Clarice Baright (1881-1961) was an American attorney and social worker. Baright was the second female and first Jewish woman to be sworn in as magistrate of New York City.

== Personal life ==
Clarice Baright, born Sadie Margoles, was born in 1881 in Vienna, Austria to Elizabeth and Shussman Margoles. The family immigrated to the United States three years later. She married George Frances Baright, an insurance salesman, who had two children from a previous marriage.

== Career ==
Baright attended law classes at New York University while working full-time as a clerk. She was teased for being one of a few women attending these classes. She did not formally earn a law degree, but she was admitted to the New York State Bar Association in 1905.

She worked on the Lower East Side advocating specifically for juveniles and rehabilitating juvenile delinquents.
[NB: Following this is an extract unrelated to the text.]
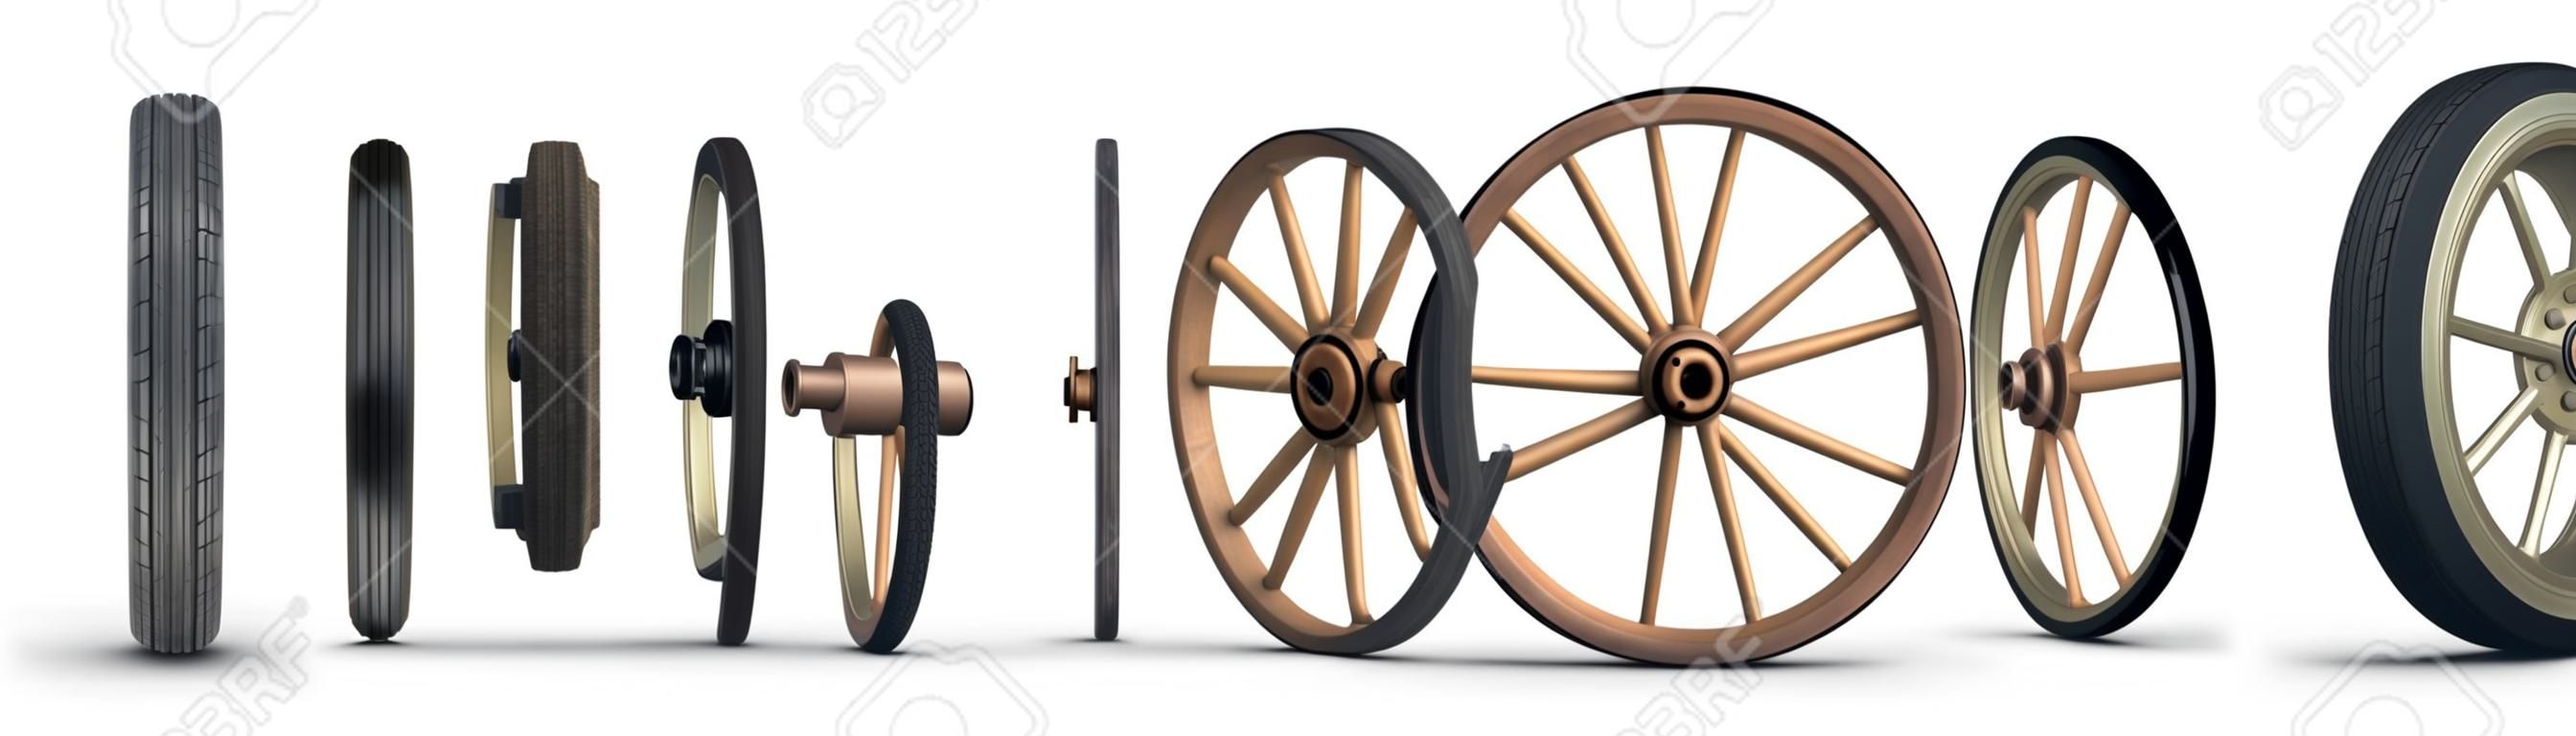 Ilustração mostrando a evolução da roda a partir de uma roda de pedra e terminando com um pneu radial com cinto de aço. Filmado em um fundo branco.

She eventually earned the nickname the "Lady Angel of the Tenement District". In 1915, she was recommended to the bench of the New York City Family Court division's Court of Special Sessions, but Mayor John Purroy Mitchel turned her down as a candidate. She would be appointed to the position ten years later by Mayor John Hylan, making Baright the second female magistrate in New York. Her term lasted only a short time, and she was unable to secure long-term appointments in following years. Despite this, she kept up her legal work, eventually becoming a formal member of the law firm Markewich, Rosenhaus, Beck, and Garfinkle.